参議院選挙の結果
参議院選挙は盛り上がりもないまま、しぼんだように終わったが、いよいよ政治の停滞と混乱と、そして、再編が始まるのだろう。このままでは、民主党政権はにっちもさっちもいかない。民主党はほどほど議席を確保したと思う。もっと落ち込むのではないかと想像していた。このあたりが有権者のバランス感覚というところか。鳩山政権末期の沖縄差別の結果は、こんなものではすまない空気だった。さらに引き継いだ管政権は、アメリカに隷属的に従うことを早々と表明し、沖縄を切り捨てた。沖縄の歴史的な差別状態を温存することを宣言したのには、まったく驚いた。その上で、消費税増税を表明し、有権者の視界から沖縄を消した。報道各社は打ち合わせたかのように、一斉に沖縄基地問題を無視した。消費税は、本来選択の余地がない。自民党は以前から、10%である。これに追随した民主党が10%と表明したにすぎない。何が消費税選挙であるか。
その意味で社民党がもう少し支持を伸ばせなかったか、残念でならない。一部労働組合の支持がほしいあまり、最低賃金1000円などと発言する無定見。9条以外の政策の不十分さが露呈したのだろう。何故本格的な社民党の経済政策というものが出てこないのか。農業政策に至っては、無いに等しい。この点では共産党は少しましである。政策全般にに内容がある。社会全般に目も行き届き、農業分野でも意見がある。それなりの整合性もあるし、なかなかのものではある。しかし、今更共産主義でもないだろう。この時代離れは、共産党の議員の暮らしを見ればわかる。なるほど共産主義者だというような暮らし方をしている議員を見たことがない。思想観念と実生活の遊離。これでは共産主義を表明するほどの説得力がない。過去を引きづり、ぶら下がっているようにしか見えない。
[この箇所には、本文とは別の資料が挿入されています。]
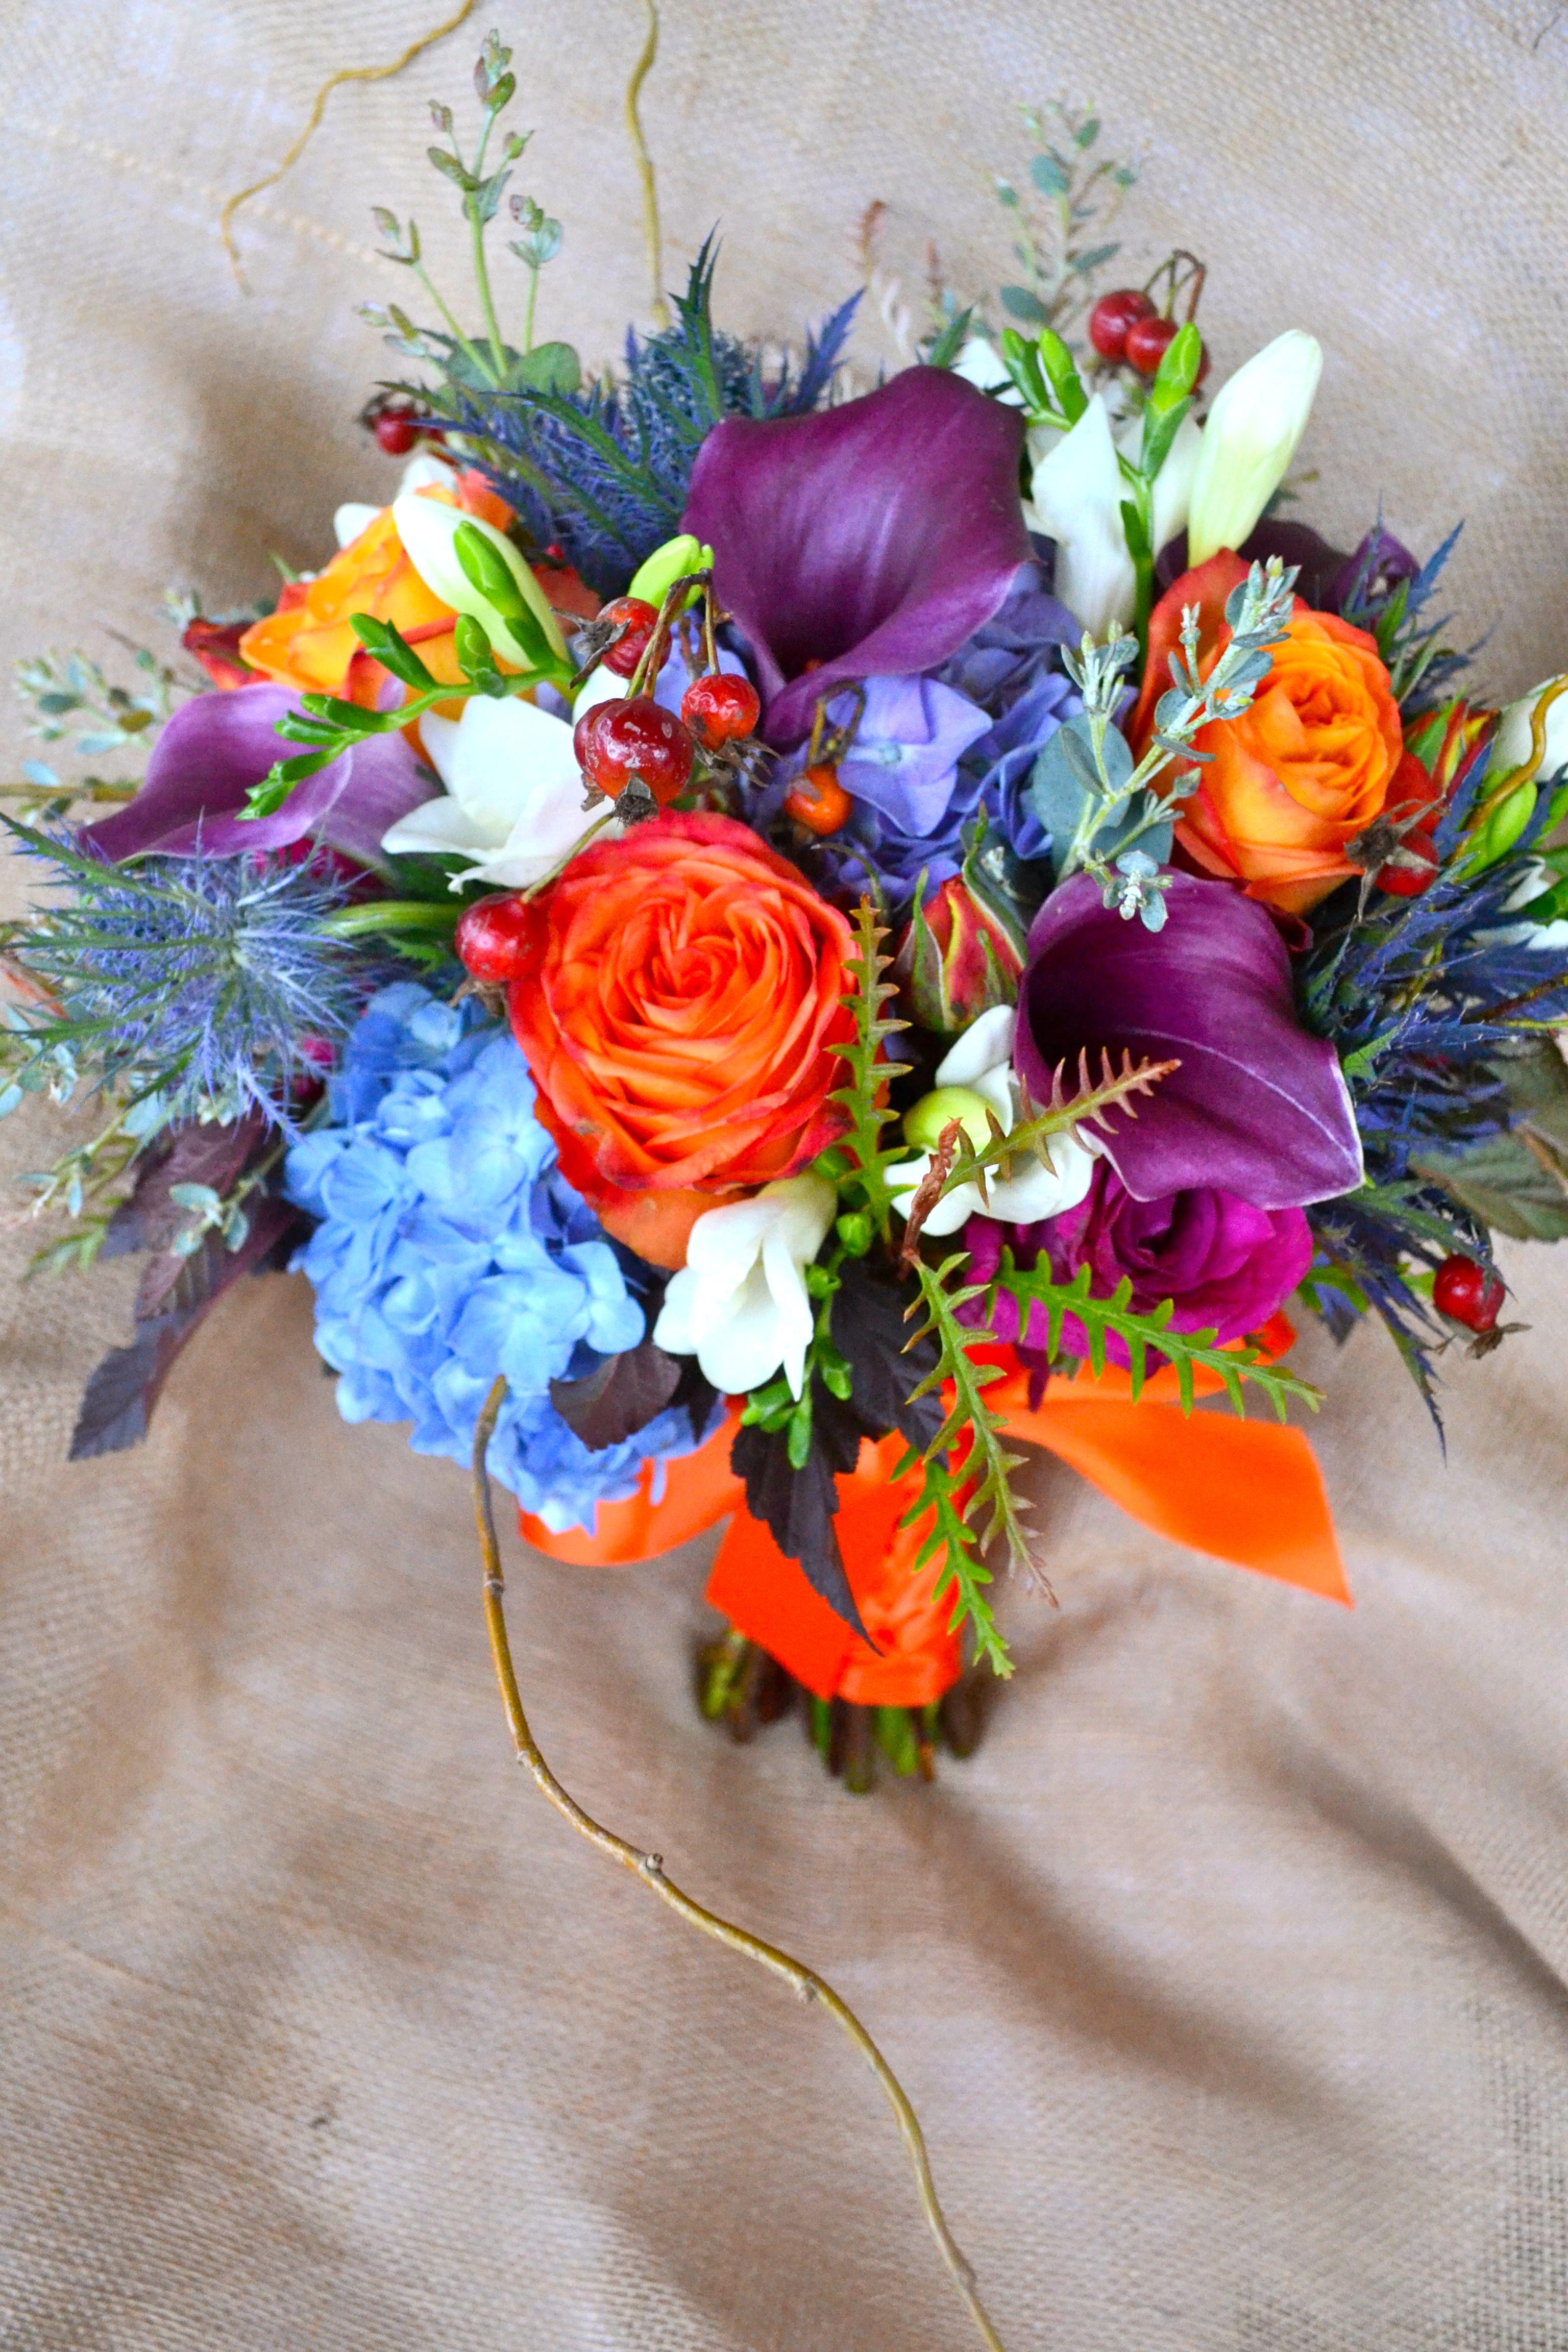 Purple Flowers For October Wedding : October wedding althauser design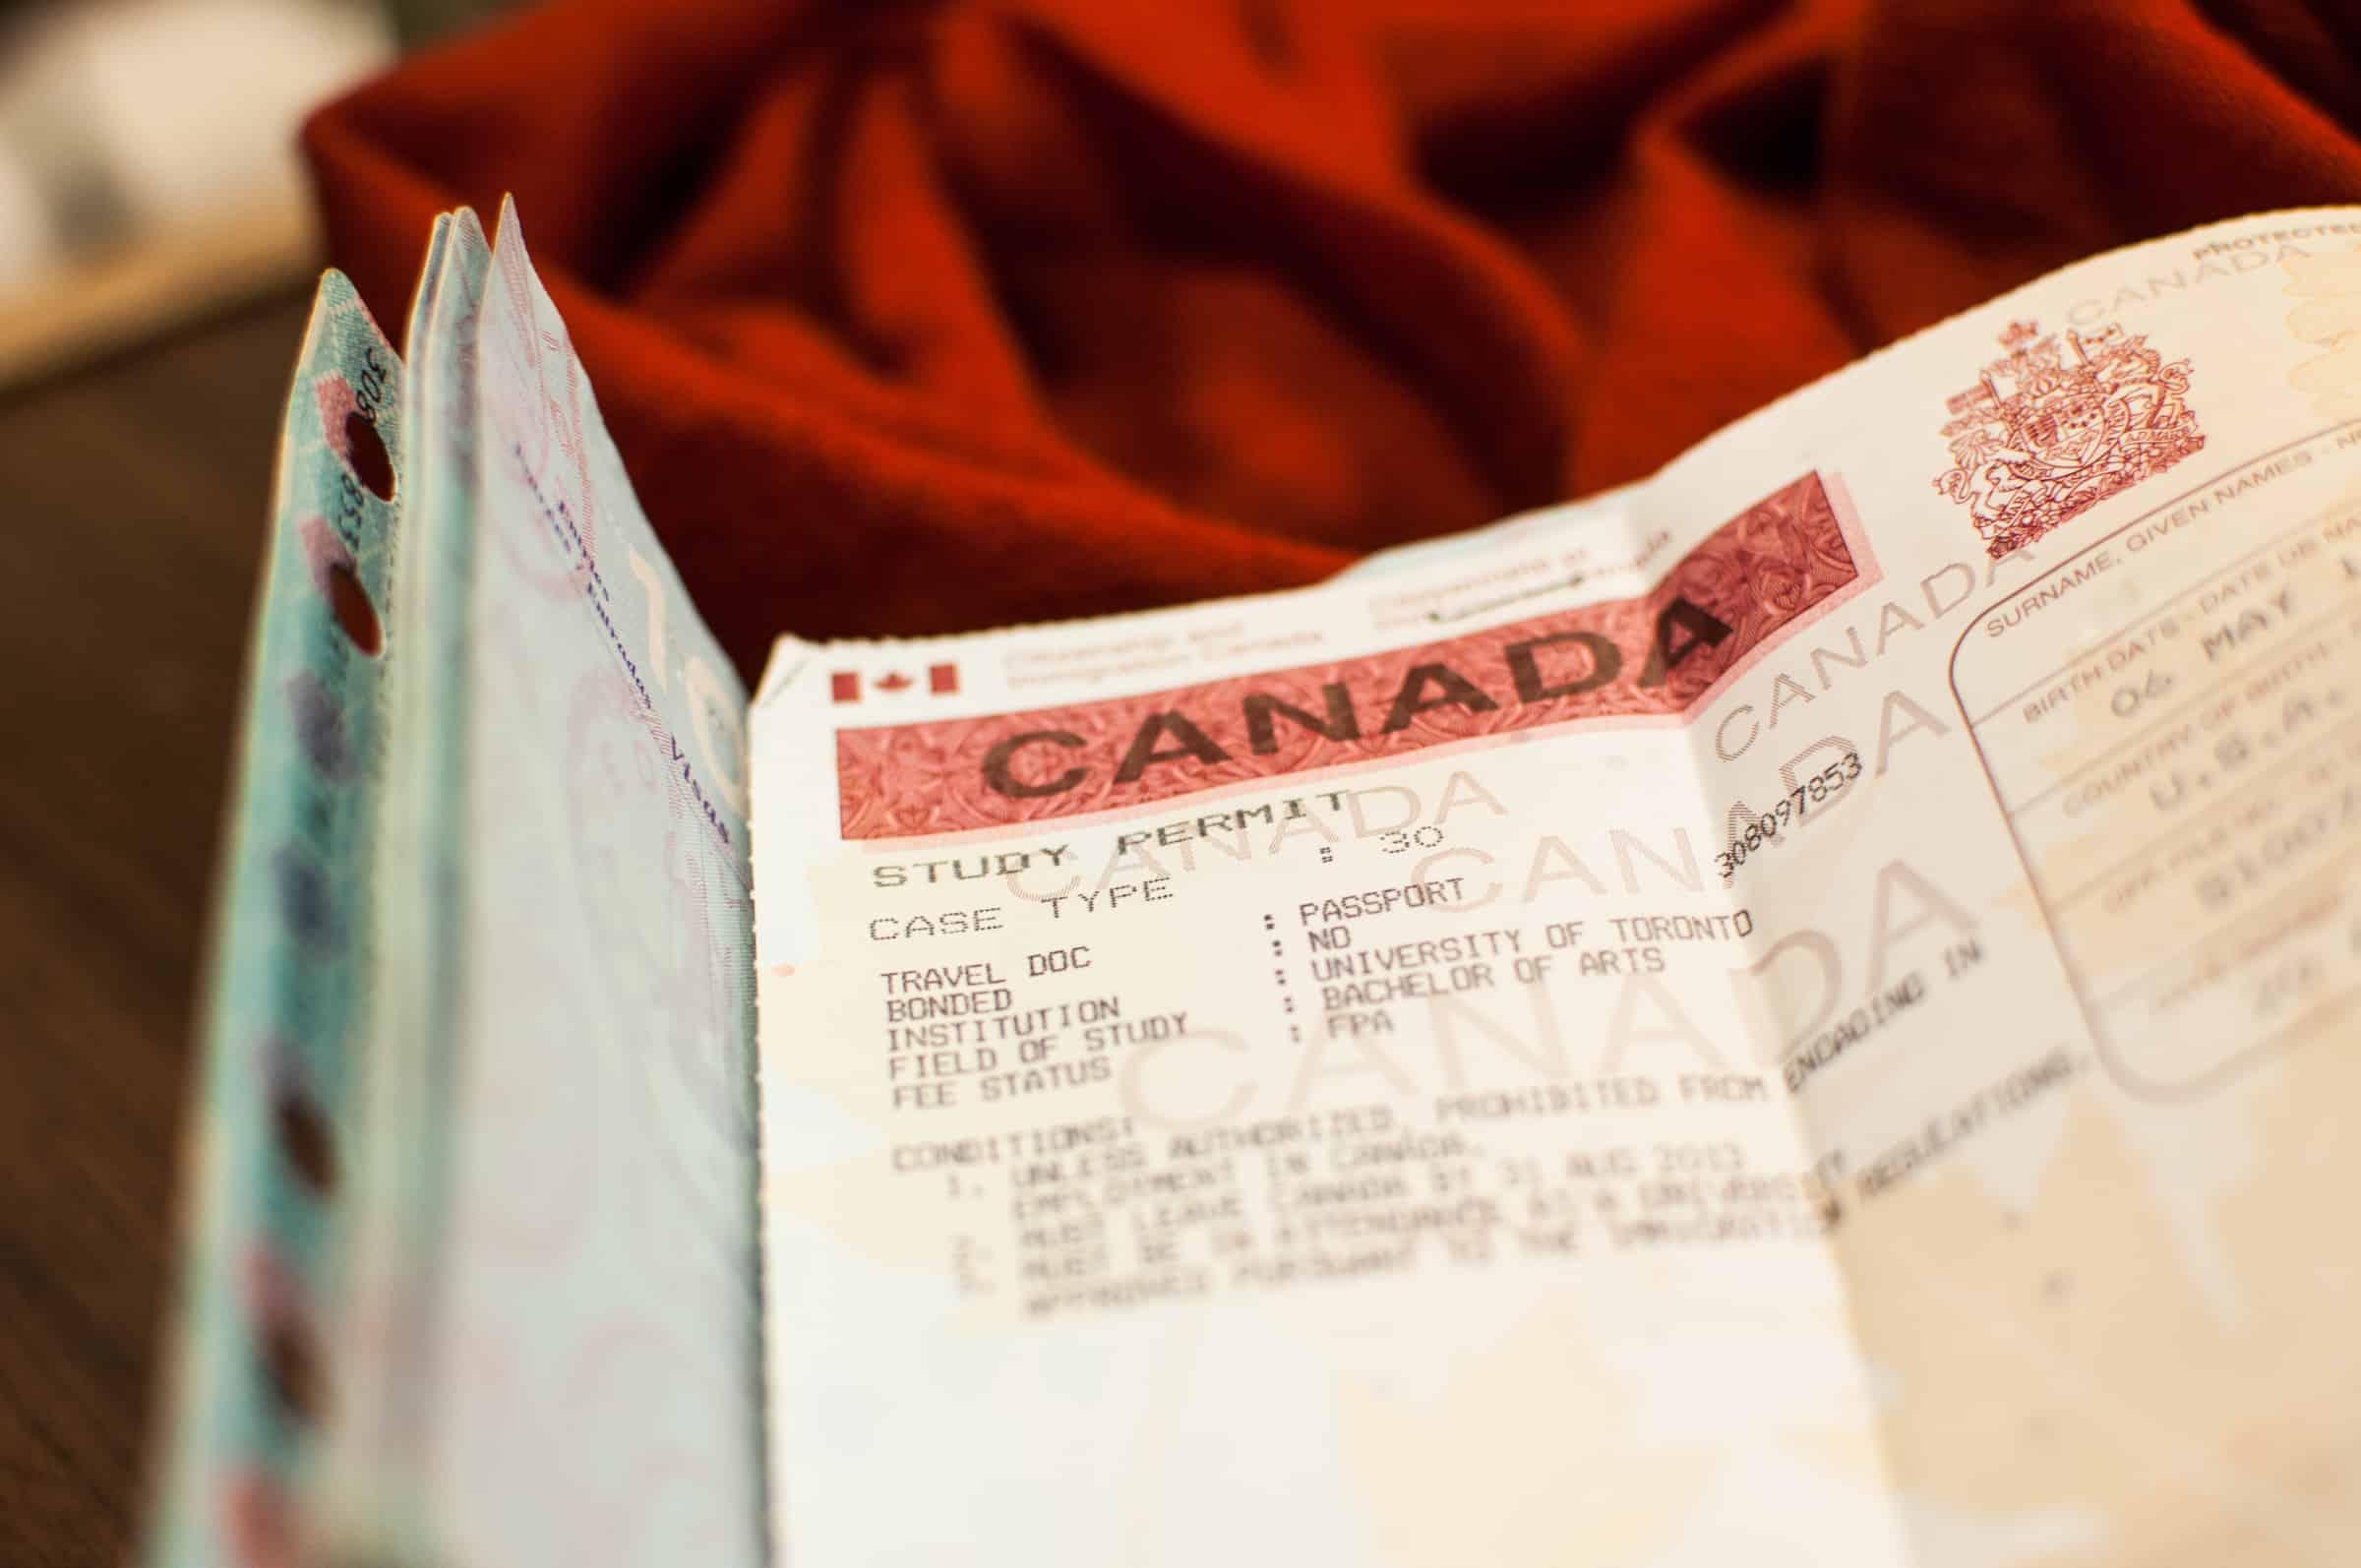 NEWS_U_of_T_International_students-FilePhoto-FILE_PHOTO_BERNARDA_GOSPICTHE_VARSITY-Canada_Canadian_visa_study_permit_paper.jpg - 89.07 kb

社民党、共産党が平和勢力の受け皿にならないとしたら、どこに投票をしたらいいのか。民主党の中にも、自民党の中にも、平和勢力と呼んでいい人はいる。その結果外交という、国の根幹が、置き去りにされた選挙がまた行われた。選挙が終わっても、国会運営の連携が話される場面でも、消費税ばかりである。肝心のこの国の外交および安全保障の方角など少しも論議されていない。国の存立の基盤が論議されないまま、当面の目先の経済運営方針ばかりになっている。国政選挙が、市町村選挙のようになっている。このままでは、地方分権が税的にも経済的にも進めば、街灯の設置や下水道が政治のすべてになる。足元からは悪くないのだろうが、いつまでも沖縄をアメリカに売り渡し、被害者的状況に凍結し、見ないようにしている訳にはいかないだろう。
自民党の比例候補として、宇都隆史さんが当選した。この人は航空自衛隊に勤務し、松下政経塾を出た。農業分野で国お越しをしたいと、報徳農場を手伝っていた。その縁で小田原有機の里づくり協議会の立ち上げでも協力をいただいた。色々話す機会も多かったのだが、とても好感のもてる青年であった。農業分野で組織の立ち上げを力説していた。選挙に出ると言うので、とてもがっかりした。源田実氏の時代から、参議院では自衛隊議員が出ている。前回はきわめて好戦的思想のイラク派兵の佐藤氏である。その意味では、宇都氏はそこまで頭の固い自衛隊出身者ではない。選挙では全面的に憲法改正を主張している。国を思う気持ちは佐藤氏以上かもしれないが、その思いが農業分野に向かうような人間である。どこまで政治の世界で力を発揮できるのか。また、彼の思想がどのように成熟してゆくのか。どんな活動をするのか。期待して見ていよう。